Stored data
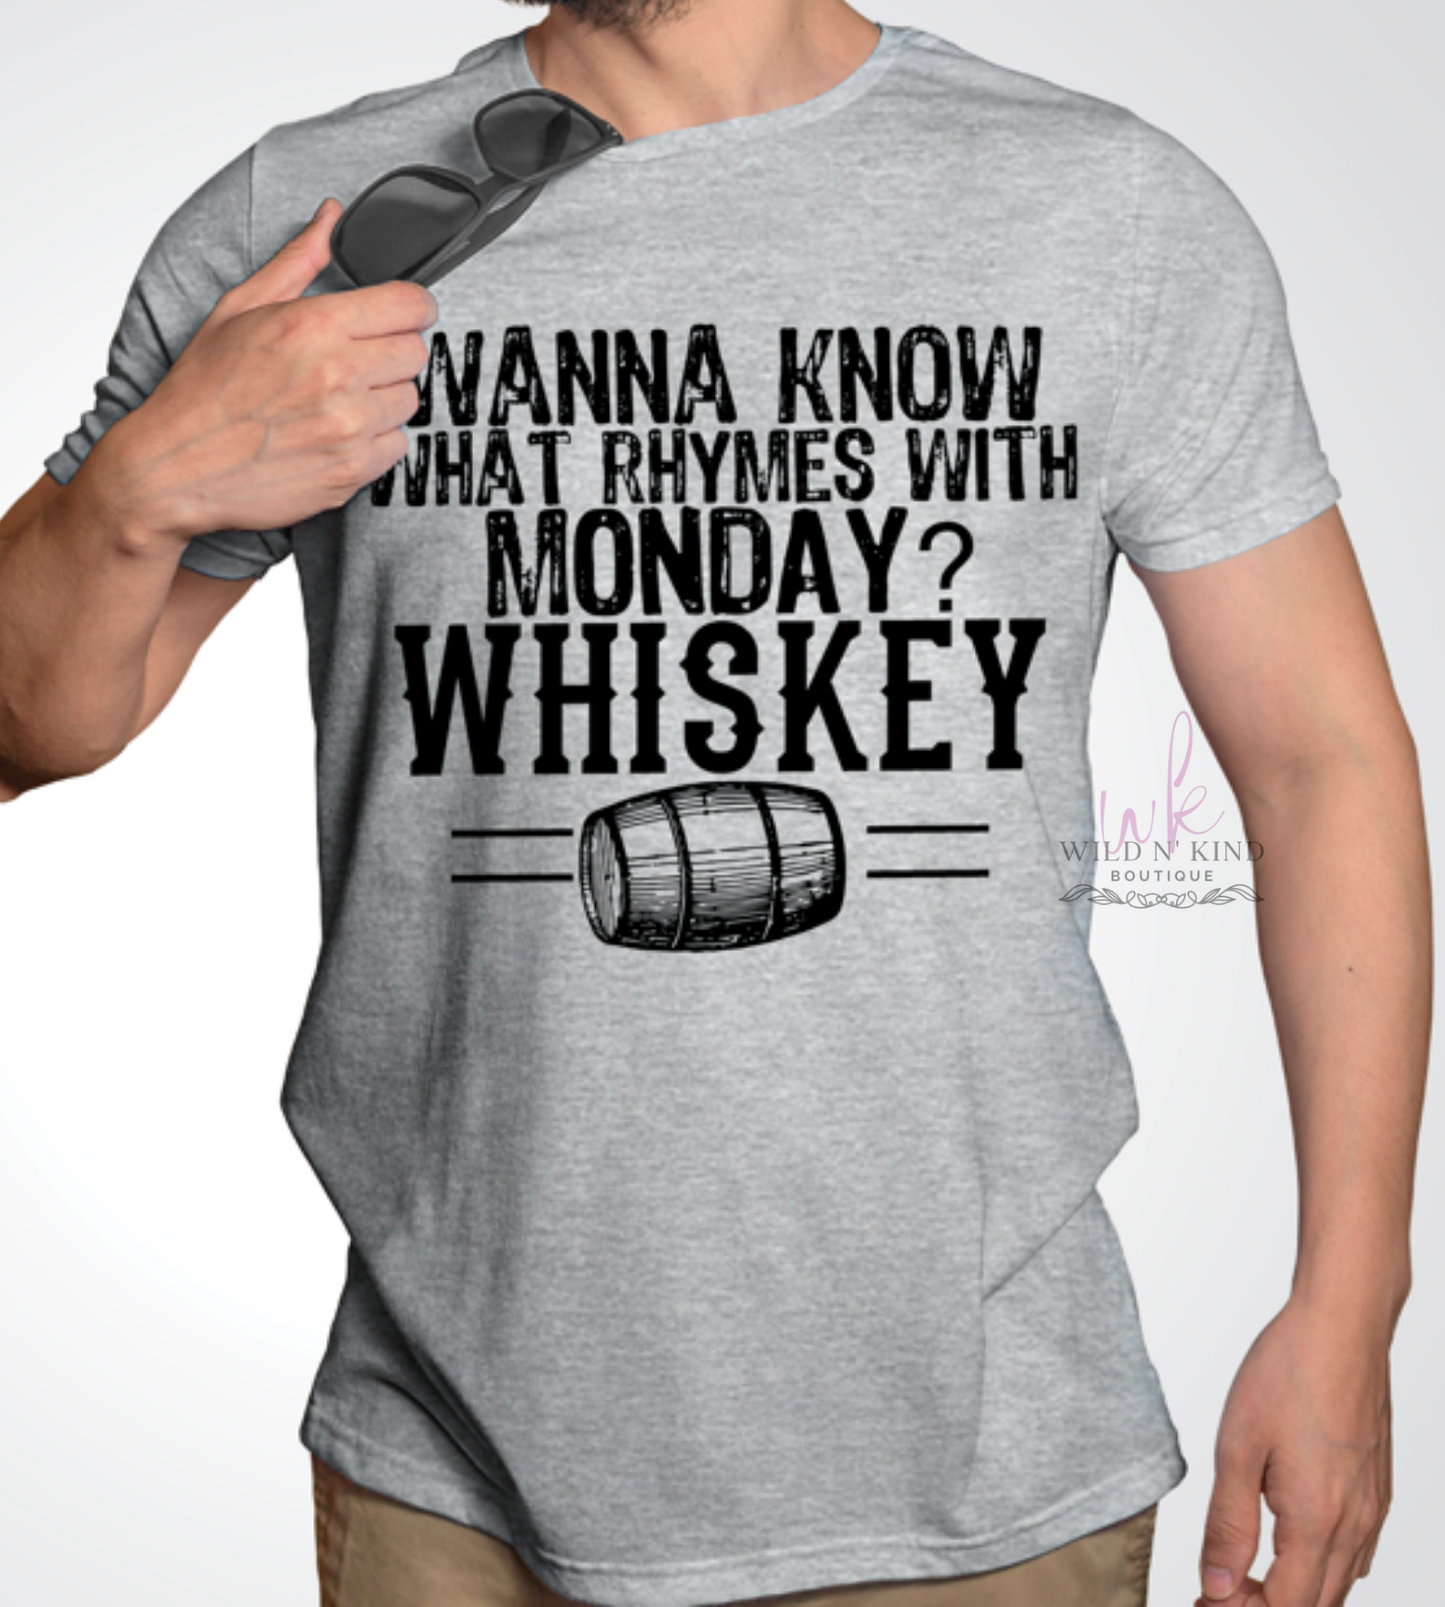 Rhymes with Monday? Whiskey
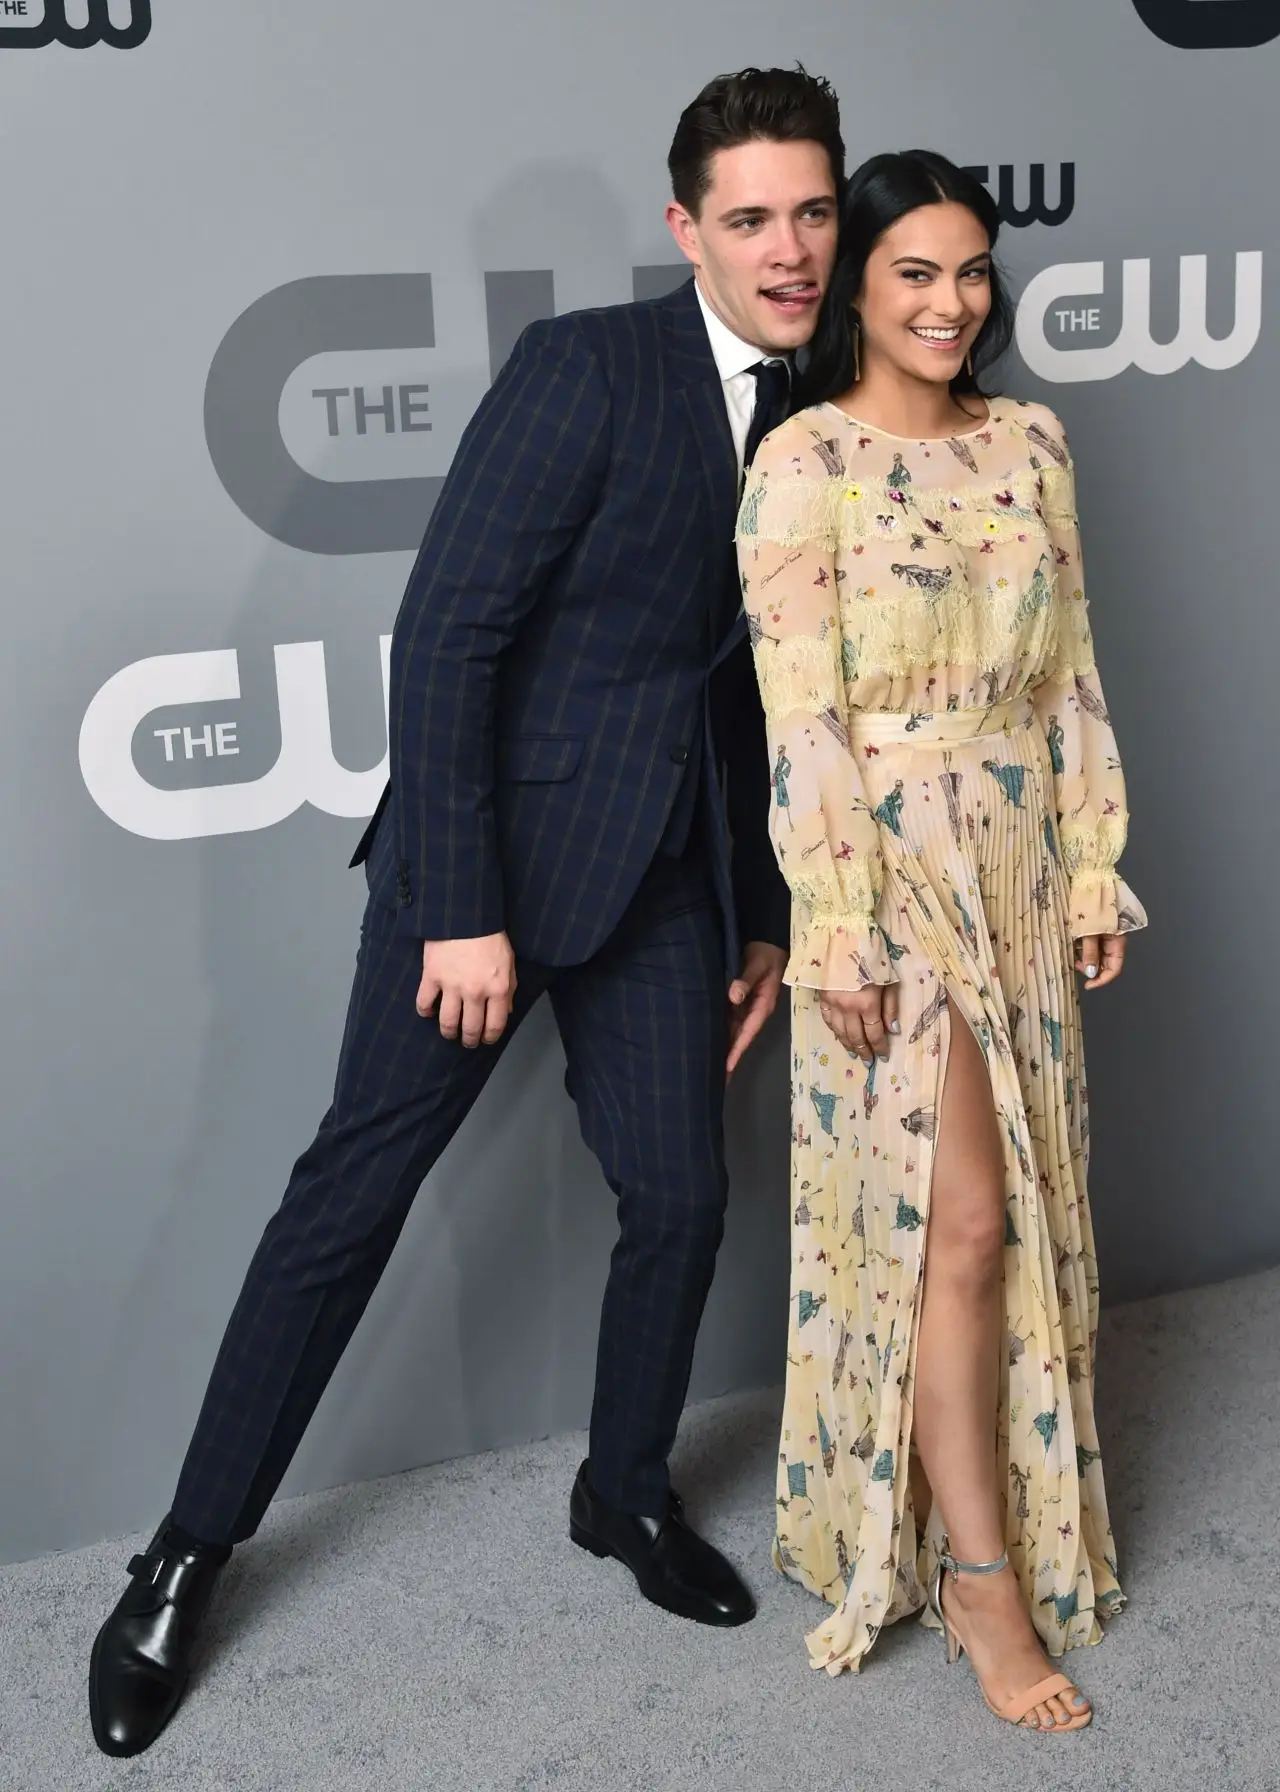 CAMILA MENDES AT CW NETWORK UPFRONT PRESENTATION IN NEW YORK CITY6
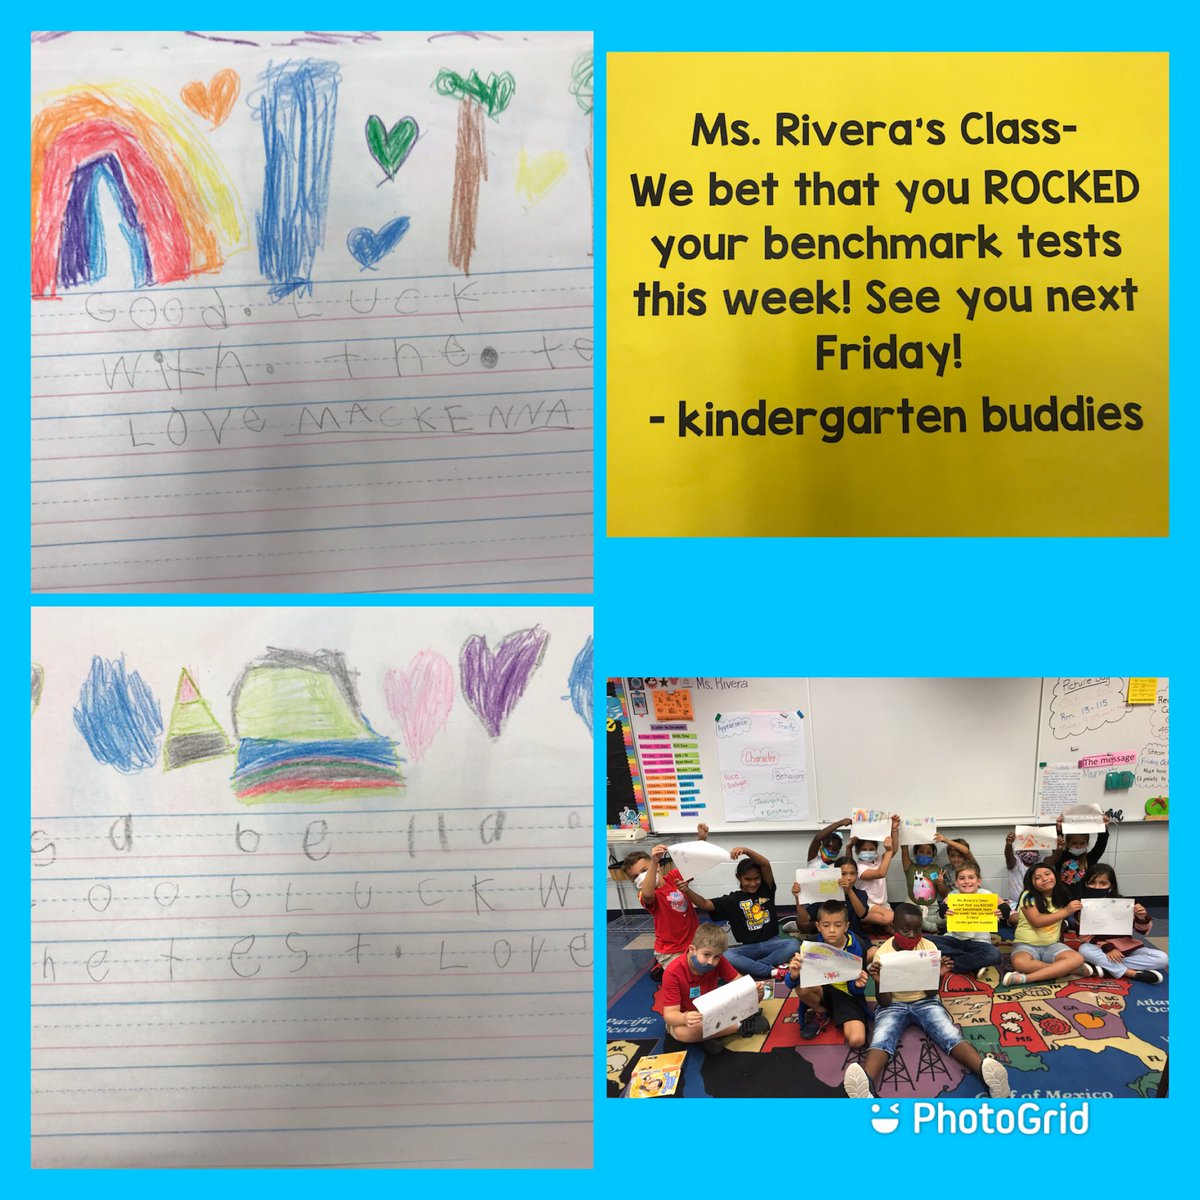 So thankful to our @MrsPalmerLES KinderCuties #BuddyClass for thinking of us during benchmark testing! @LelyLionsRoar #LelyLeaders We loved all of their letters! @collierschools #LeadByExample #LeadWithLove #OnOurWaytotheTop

Task requirements
Return the complete data unchanged and include none of the pictures.

Task response
 Rhymes with Monday? Whiskey
 CAMILA MENDES AT CW NETWORK UPFRONT PRESENTATION IN NEW YORK CITY6
 So thankful to our @MrsPalmerLES KinderCuties #BuddyClass for thinking of us during benchmark testing! @LelyLionsRoar #LelyLeaders We loved all of their letters! @collierschools #LeadByExample #LeadWithLove #OnOurWaytotheTop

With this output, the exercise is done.